Losing your job can deal a financial blow to you and your family that makes it difficult to maintain your lifestyle, let alone keep up with your monthly bills. Are you prepared should the worst happen? It’s smart to anticipate unexpected financial burdens, such as unemployment.
Think about how much of your monthly savings you could dedicate to an emergency fund, to help you get through the tough times. Try to create a financial plan for dire straits that allows you to preserve your credit score, as it will be crucial to your cash flow and possibly finding a new job. Employers in some states use a candidate’s credit report to aid in hiring decisions.
To remain afloat you will have to think strategically and make some tough choices.
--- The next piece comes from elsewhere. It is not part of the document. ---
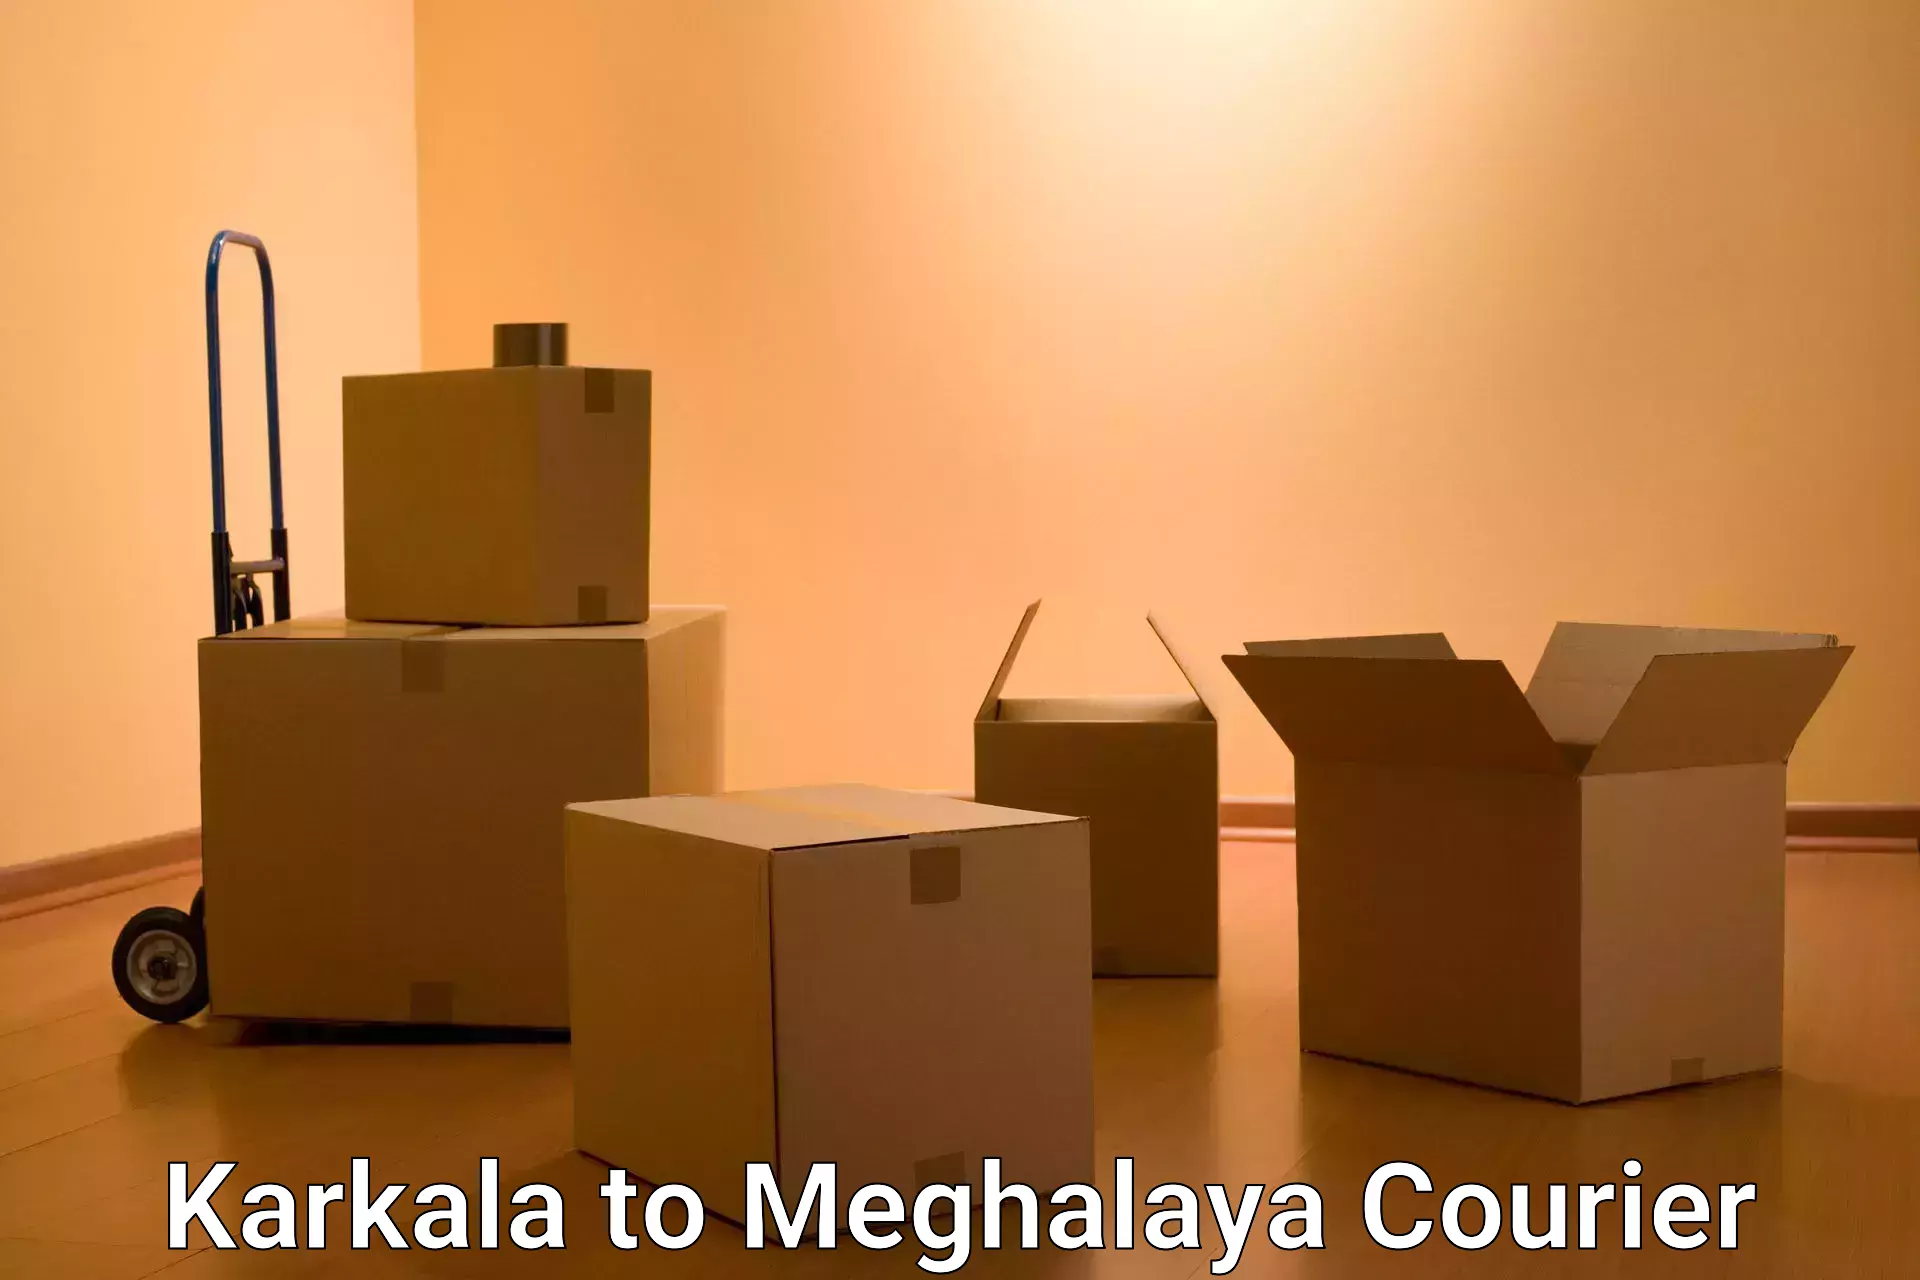 Courier service comparison Karkala to Shillong
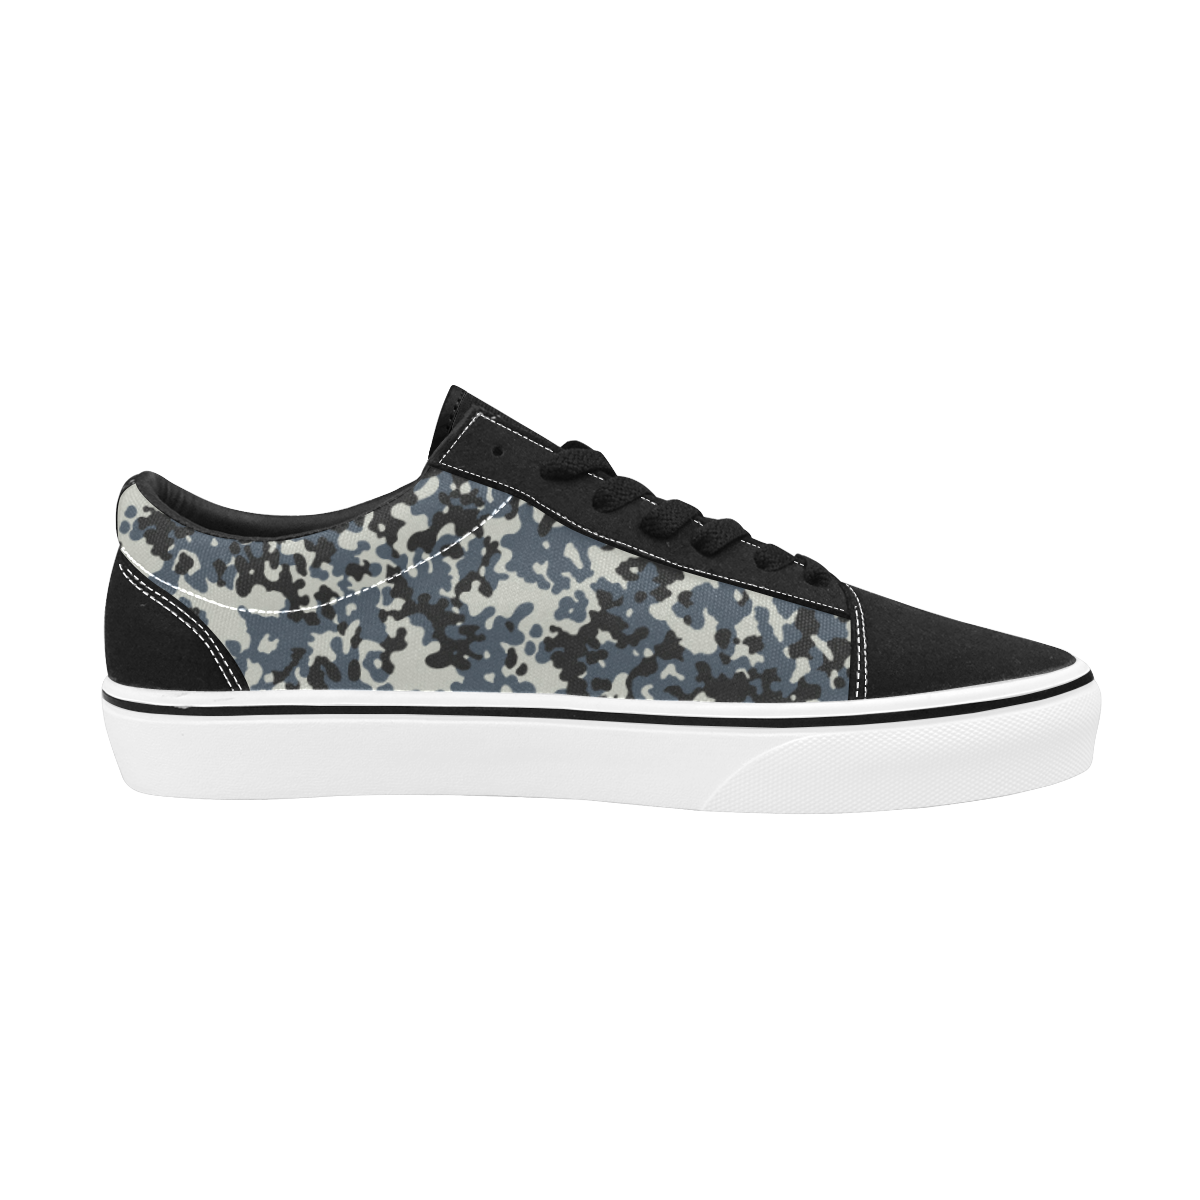 Urban City Black/Gray Digital Camouflage Women's Low Top Skateboarding Shoes (Model E001-2)

Part of your new budget will involve exploring different ways to cut back on your current spending, while freeing up financial resources for your necessities and monthly obligations.
Staying on top of your payments during a period of unemployment is critical to protecting your good credit score. At this point, it’s perfectly acceptable to reduce your inflated loan or credit card payments down to the minimum. That said, do not miss a payment: this will cause a delinquency to appear on your credit report. The late payment is recorded as 30, 60, 90 or 180 days late, and may cause your credit score to severely drop. If at any point you worry you cannot meet the minimum payments – call your creditors and ask about their hardship options. Also, if you are just trying to plan ahead think about adding on payment protection insurance. Many banks and credit cards offer it for unemployment. You pay a small percentage of your monthly balance, so should you need to activate the benefit your payments are covered and so is your credit score.
A great way to deal with the financial stress and anxiety brought on by unemployment is to create a money management plan. Key to that plan will be preserving your good credit and relying on income from unemployment, as well as savings, rather than growing debt.